We are anticipating a period of rapid growth in our operations, which may place, to the extent that we are able to sustain such growth, a significant strain on our management and our administrative, operational and financial reporting infrastructure.

 

Our success will depend in part on the ability of our senior management to manage this expected growth effectively. To do so, we believe we will need to continue to hire, train and manage new employees or contractors as needed. If our new team members perform poorly, or if we are unsuccessful in hiring, training, managing and integrating these new team members, or if we are not successful in retaining our existing employees or contractors, our business may be harmed. To manage the expected growth of our operations and personnel, we will need to continue to improve our operational and financial controls and update our reporting procedures and systems. The expected addition of new team members and the capital investments that we anticipate will be necessary to manage our anticipated growth will increase our cost base, which will make it more difficult for us to offset any future revenue shortfalls by reducing expenses in the short term. If we fail to successfully manage our anticipated growth, we will be unable to execute our business plan.

 

None of our officers and directors have any meaningful public company accounting or financial reporting education or experience, which increases the risk we may be unable to comply with all rules and regulations.

 

Our ability to meet our ongoing reporting requirements on a timely basis will be dependent to a significant degree on advisors and consultants. Our officers and directors have no meaningful public company accounting or financial reporting education or experience. As such, there is risk about our ability to comply with all financial reporting requirements accurately and on a timely basis.

 

If we are unable to implement and maintain effective internal control over financial reporting in the future, stockholders may lose confidence in the accuracy or completeness of our financial reports and the market price of our common stock may decline.

 

We need to improve the design, implementation, and testing of the internal controls over financial reporting requirements. If we are unable to remedy material weaknesses or if our independent registered public accounting firm is unable to express an opinion as to the effectiveness of its internal control over financial reporting when required, stockholders may lose confidence in the accuracy and completeness of our financial reports and the market price of the common stock could be negatively affected. We also could become subject to investigations by the stock exchange if we are ever listed on an exchange, Securities and Exchange Commission, or other regulatory authorities, which could require additional financial and management resources.


12


 

In connection with management’s assessment of our internal control over financial reporting, we identified the following material weaknesses in our internal control over financial reporting as of October 31, 2020:

 

·We do not have written documentation of our internal control policies and procedures. 

 

·Due to our size and nature, segregation of all conflicting duties may not always be possible and may not be economically feasible. To the extent possible, the initiation of transactions, the custody of assets and the recording of transactions should be performed by separate individuals. As of October 31, 2020, the initiation of transactions and recording of transactions are performed by Ronald Rosenfarb, our Chief Operating Officer. 

 

We do not have a compensation or an audit committee, so stockholders will have to rely on our directors to perform these functions.

 

We do not have an audit or compensation committee comprised of independent directors. These functions are performed by the members of our board of directors.
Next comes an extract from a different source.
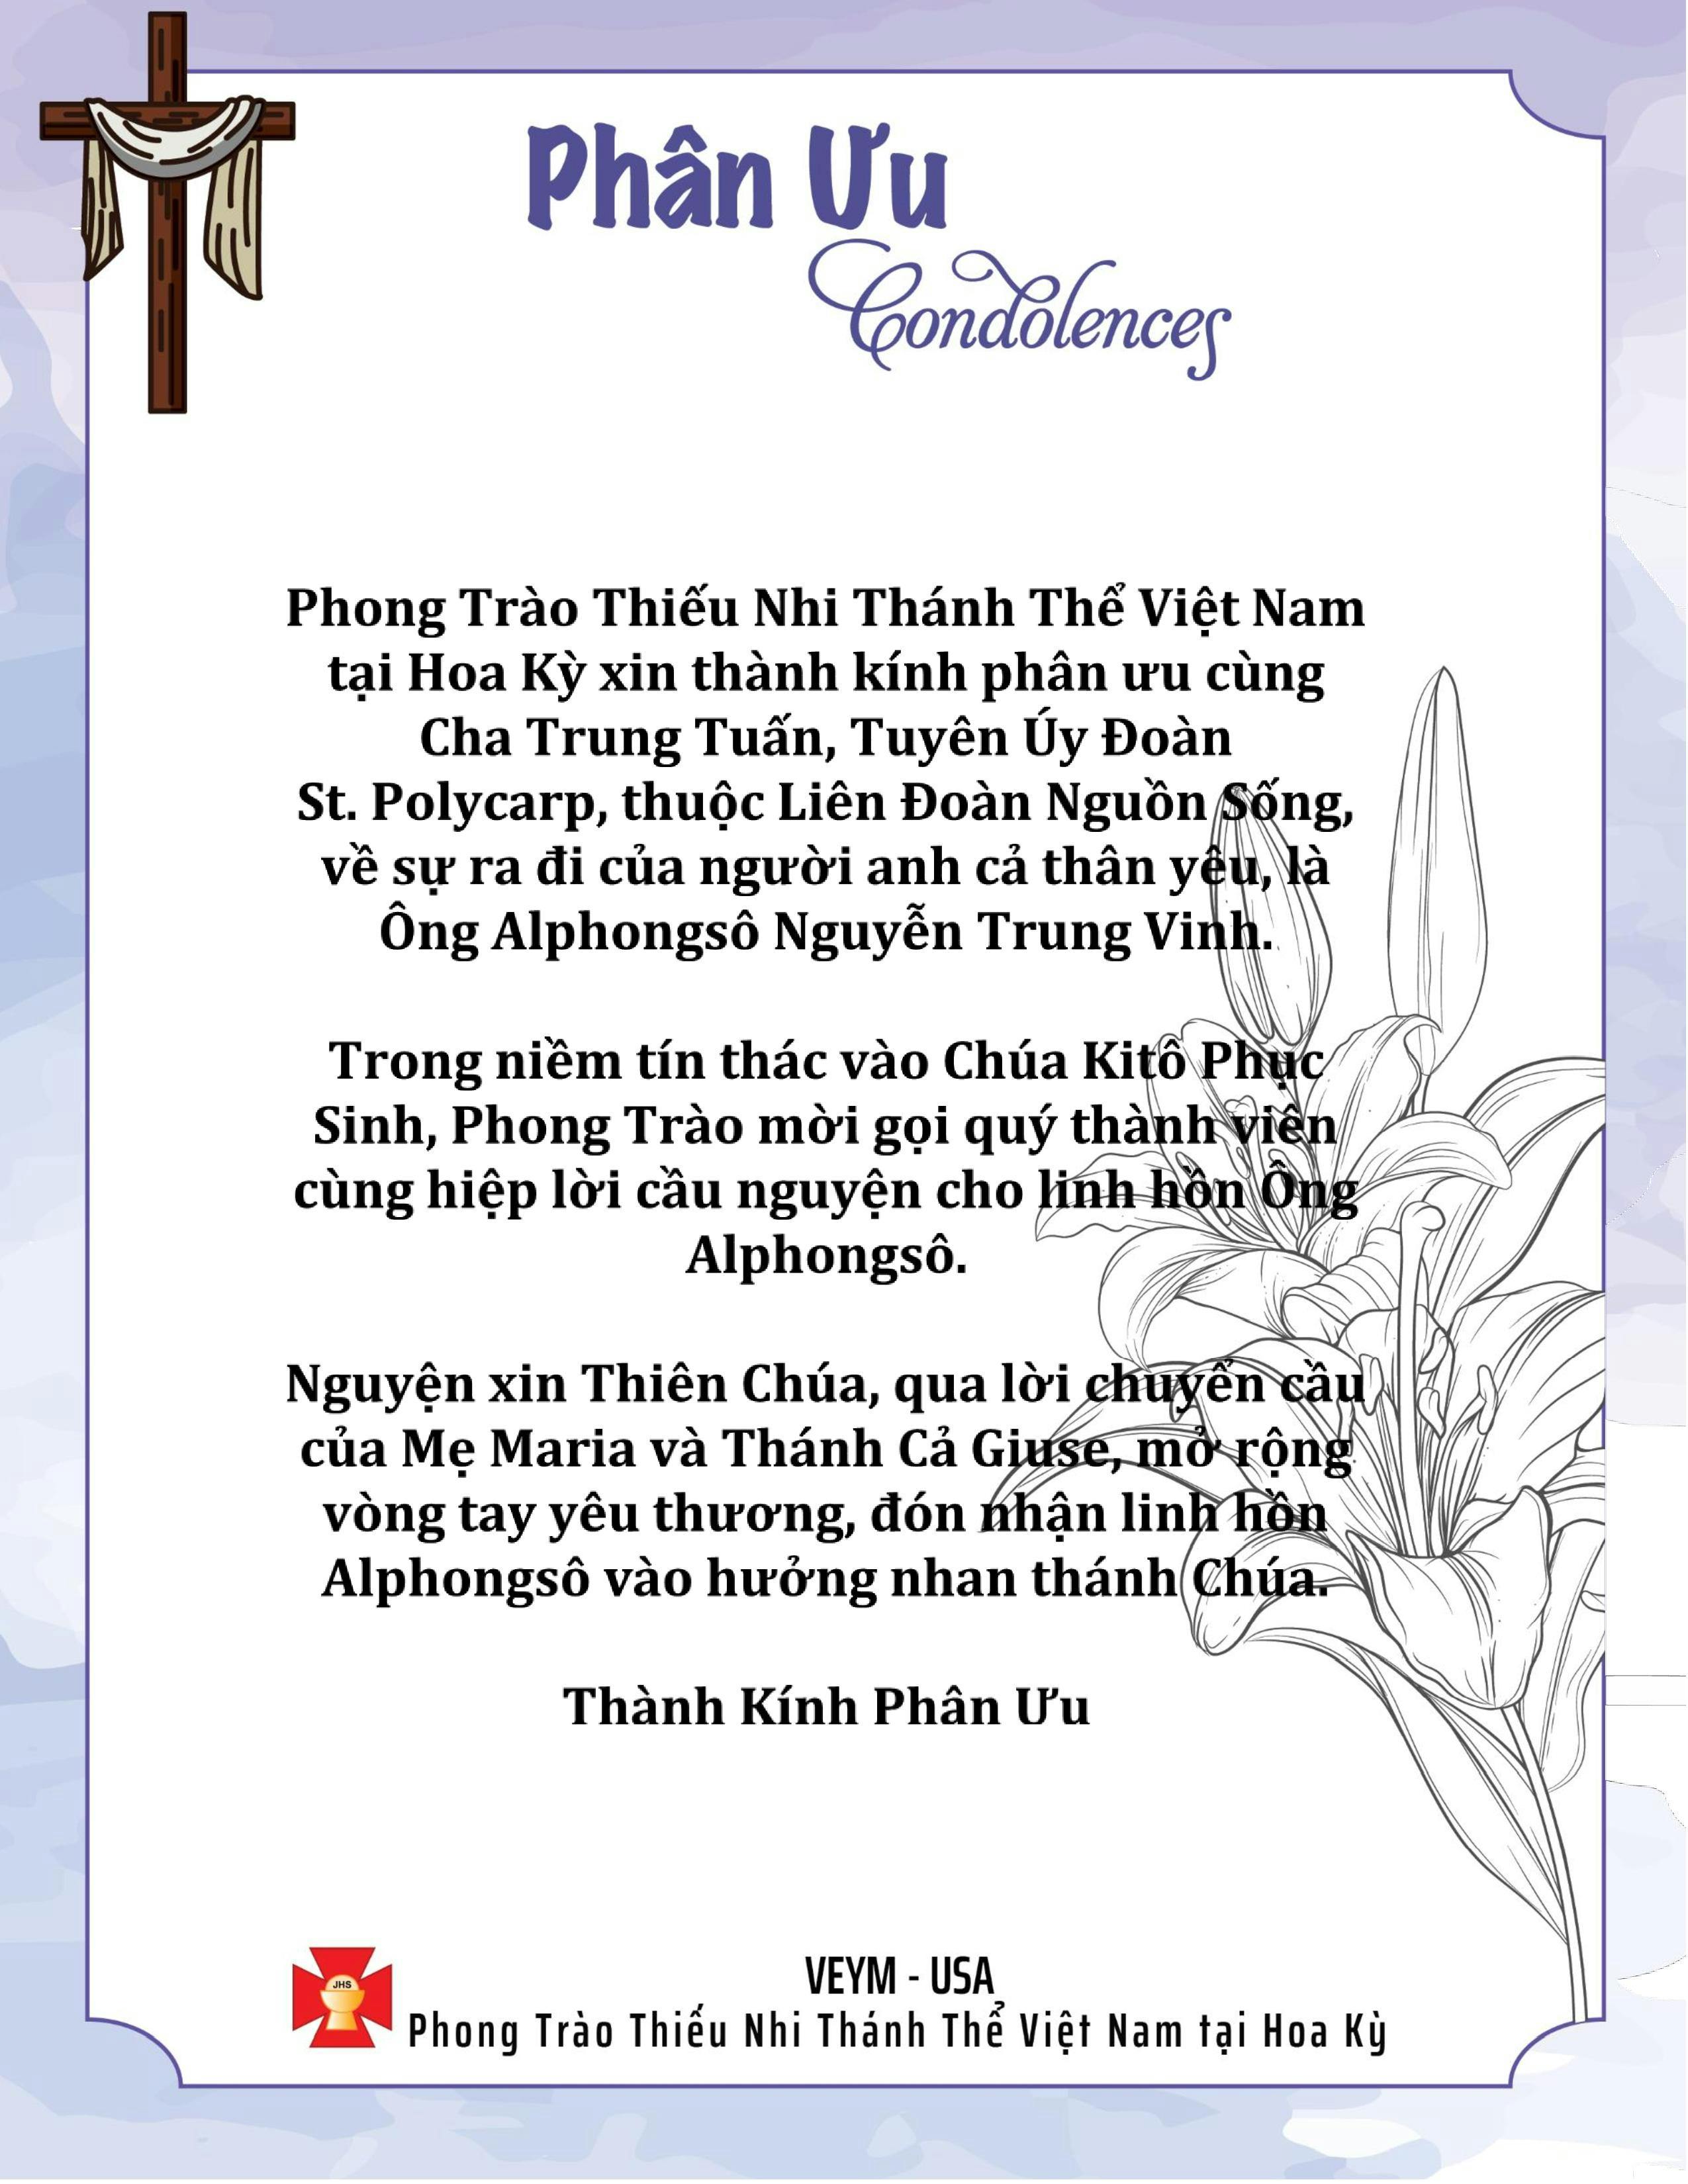 Pray for Linh Hồn Alphongsô Nguyễn Trung Vinh - Thành Kính Phân Ưu
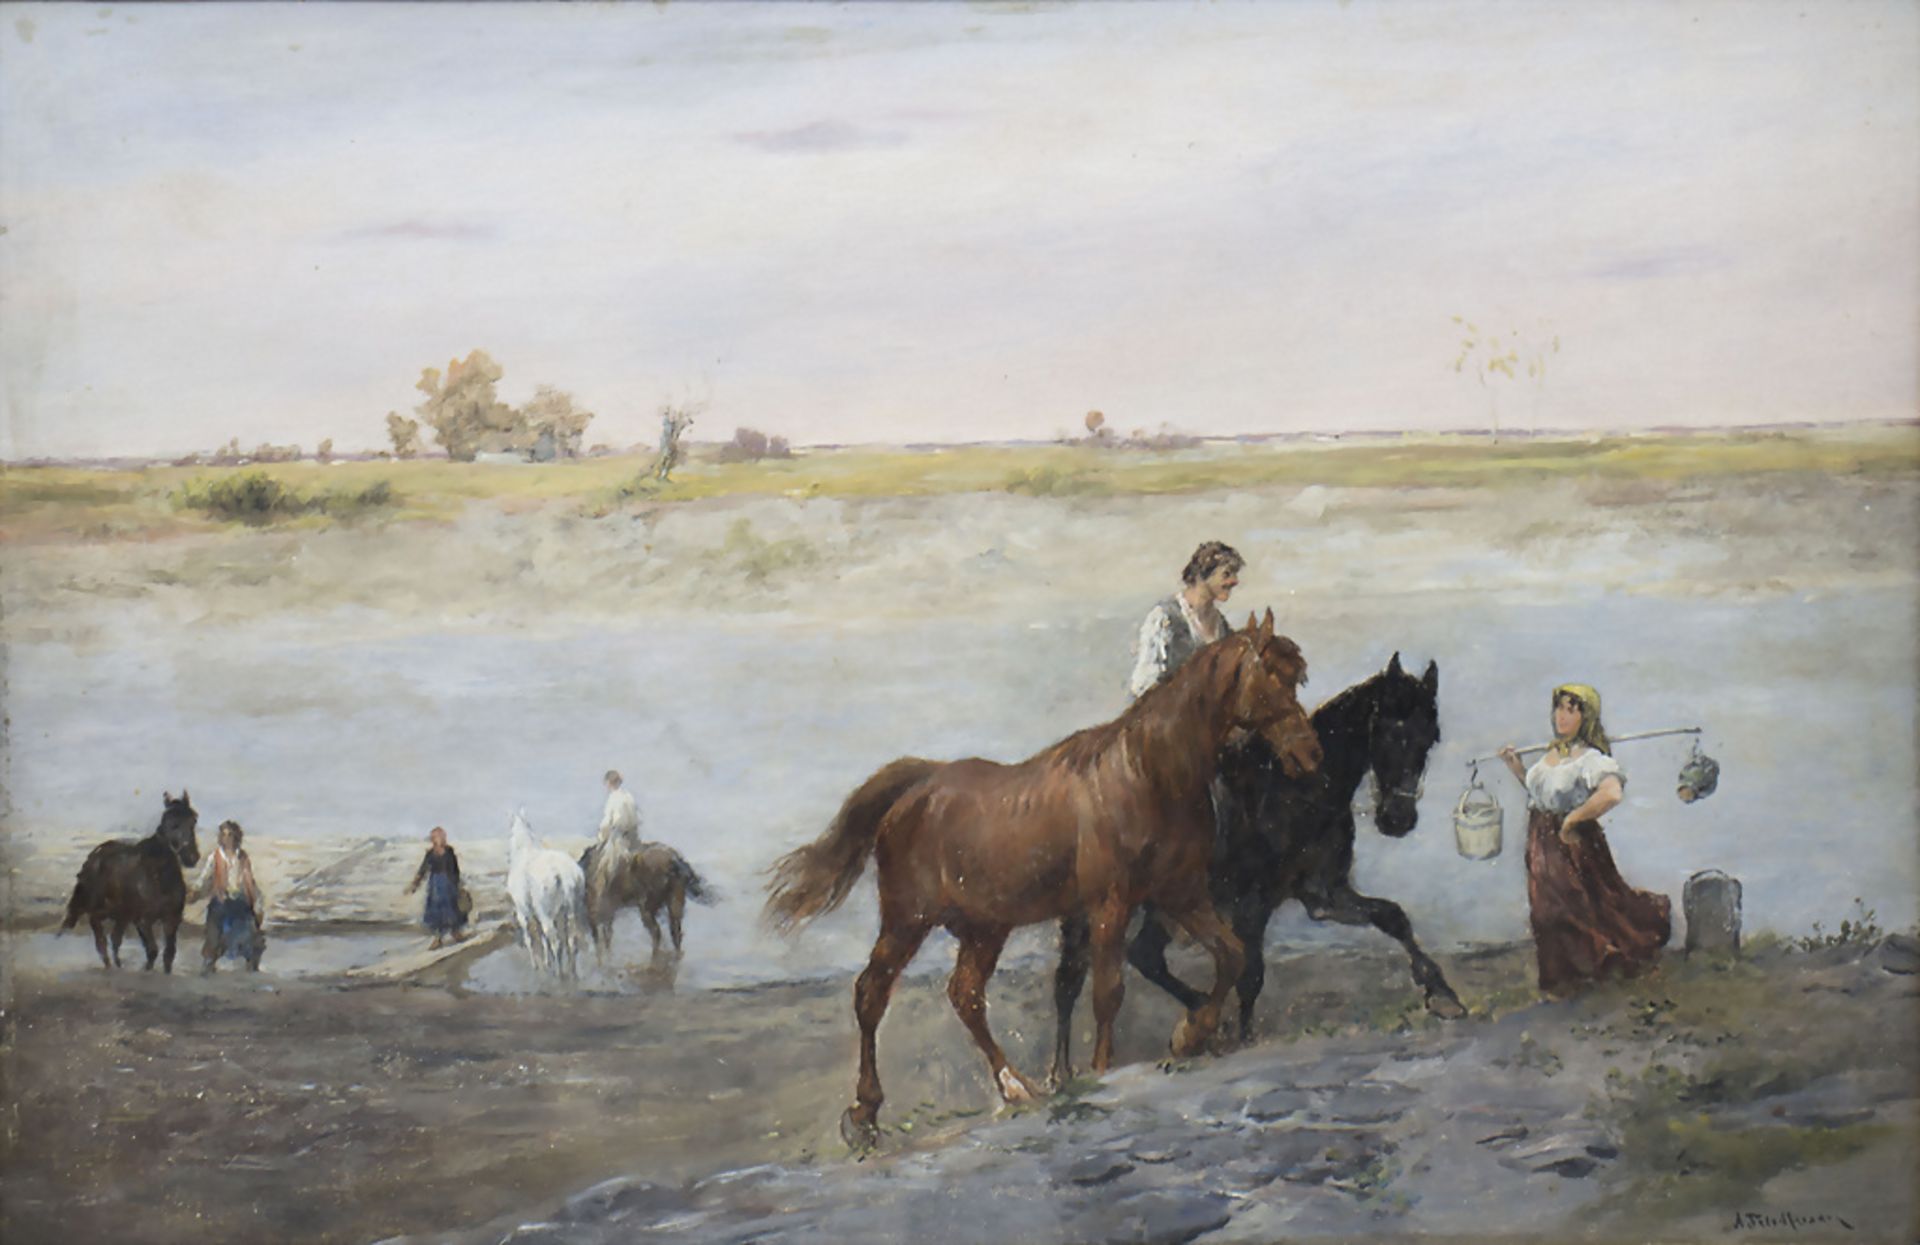 Alfred FRIEDLÄNDER (1860-1933), Ritter von Malheim, 'Uferlandschaft mit Pferden' / 'A ...

Until we have an audit committee, there may be less oversight of management decisions and activities and little ability for minority stockholders to challenge or reverse those activities and decisions, even if they are not in the best interests of minority stockholders.

 

Our officers and directors own a controlling interest in our voting stock and stockholders will not have any voice in our management, which could result in decisions adverse to our general stockholders.

 

Our officers and directors, in the aggregate, have the right to vote more than 82% of our outstanding common shares on a fully diluted basis. As a result, these stockholders, acting together, will have the ability to control substantially all matters submitted to our stockholders for approval including election of our board of directors; removal of any of our directors, amendment of our certificate of incorporation or by-laws; and adoption of measures that could delay or prevent a change in control or impede a merger, takeover or other business combination involving us.

 

As a result of their ownership and positions, our officers and directors collectively can influence all matters requiring stockholder approval, including the election of directors and approval of significant corporate transactions. The interests of our officers may differ from the interests of the other stockholders, and they may influence decisions with which the other stockholders may not agree. Such decisions may be detrimental to our business plan and/or operations and they may cause the business to fail in which case you may lose your entire investment.

 

RISKS RELATED TO OUR SYSTEMS

 

Cybersecurity incidents could disrupt business operations, result in the loss of critical and confidential information, and adversely impact our reputation and results of operations.

 

We face growing risks and costs related to cybersecurity threats to our data and customer, employee and operator data, including but not limited to:

 

·the failure or significant disruption of our operations from various causes, including human error, computer malware, ransomware, insecure software, zero-day threats, or other events related to our critical information technologies and systems 

·the increasing level and sophistication of cybersecurity attacks, including distributed denial of service attacks, data theft, fraud or malicious acts on the part of trusted insiders, social engineering, or other unlawful tactics aimed at compromising the systems and data of our officers, employees, operators and their customers (including via systems not directly controlled by us, such as those maintained by independent sales agents, joint venture partners and third-party service providers) 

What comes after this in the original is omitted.